Some limitations in the experimental design of the studies included in this systematic review must be acknowledged. First, some of the trials [
16,
23] had a small sample size, which might restrict the accuracy of the findings. Second, none of the included studies ruled out the interference of other dietary supplements, such as antibiotics, Mediterranean-style diets, other probiotics or fermented foods. Such dietary supplements may have a direct effect on the gut microbiota and metabolic profiles, which can in turn influence the gut–brain axis and related disorders. For instance, the results of a high-quality meta-analysis suggested that Mediterranean diets are negatively correlated with the risk of developing MCI and AD [
40]. Therefore, such factors should be taken into consideration in future studies. Third, the included studies assessed cognitive function using a variety of rating scales. As the rating scales have different sensitivities and specificities for cognitive impairment, one or more gold-standard rating tools should be established to ensure the stability and reliability of results across studies. Fourth, to better distinguish patients with AD and without dementia, a commonly used clinical diagnosis criteria such as the NINCDS-ADRDA should be used. However, only four of our included studies [
16,
23,
24,
25] applied the NINCDS-ADRDA criteria. Fifth, none of the included studies ruled out the interference of other lifestyle interventions that can improve cognitive status and possibly even prevent cognitive impairment, dementia and AD [
41], such as mental activities and exercise and specific multinutrient interventions [
4]. Sixth, only two of the included studies [
17,
27] grouped the patients according to disease severity and evaluated the effects of probiotics on them separately. Evidence from previous researches have shown that the health effect of probiotics may differ among different diseases stages [
26,
27]. Consistently, our findings suggest that probiotic intervention at early stages of AD, such as MCI, could improve cognitive function and delay disease progression. Lastly, four of the included studies [
17,
23,
24,
25] did not report the adverse effects of probiotic administration. Although probiotics have a demonstrable history of safe use as dietary supplements, elderly people have decreased immunity and a high risk of serious adverse effects, such as gastrointestinal side effects, systemic infections and skin complications. Therefore, future studies are encouraged to report the adverse effects of probiotic supplementation [
42]. By addressing all of these limitations in the design of future probiotic intervention-based studies, the beneficial effects of probiotics on AD could be more comprehensively and systematically clarified.

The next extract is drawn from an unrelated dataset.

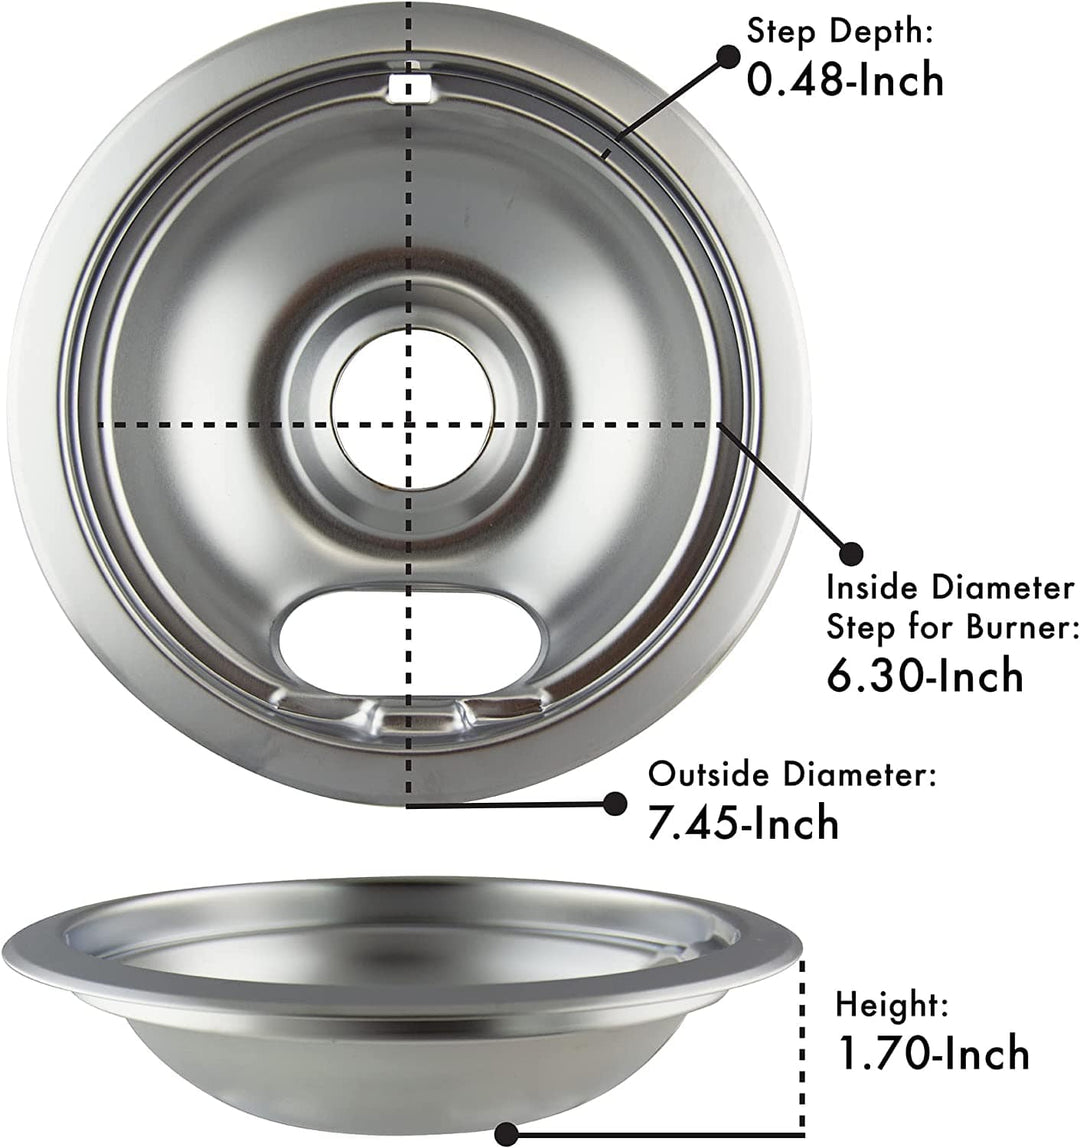 Range Kleen Range Kleen 10124XN Style A 4-Pack Drip Pans - 2 Small and 2 Large Drip Bowls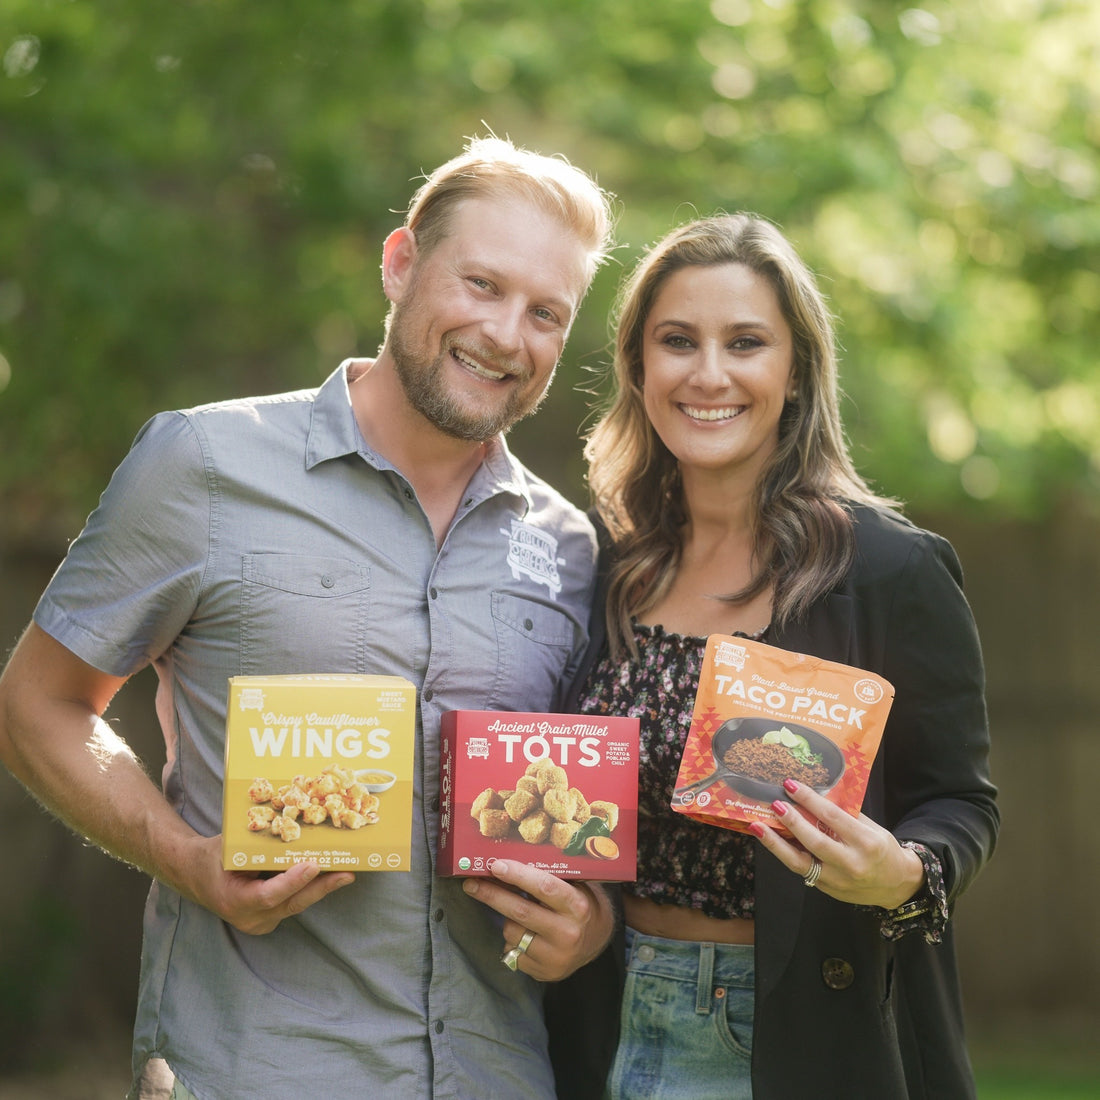 RollinGreens Secures Win For QVC's Best Plant-Based Food Award, And Gears Up For The National Launch Of Their New Plant-Based ME'EAT SKU's

This systematic review has some noteworthy strengths. First, the systematic review and meta-analysis strictly followed the recommendations of the Cochrane handbook and the results were rigorously reported in accordance with the PRISMA statement. Second, we applied a random-effects model and performed sensitivity and subgroup analyses to adequately capture the heterogeneity among the study results. Third, we fully discussed the limitations of the experimental design of the included studies, addressing these methodological limitations may guide future researches.
Despite these strengths, our systematic review has some limitations. First, despite exhaustive literature searches, we might have missed some eligible studies. Second, the features of some included studies may have potential risk of bias due to commercial funding and defects in the experimental design. Third, the format of the data reported by some studies was not suitable for our analyses. Lastly, in terms of the high heterogeneity indicated, our findings should be interpreted with caution.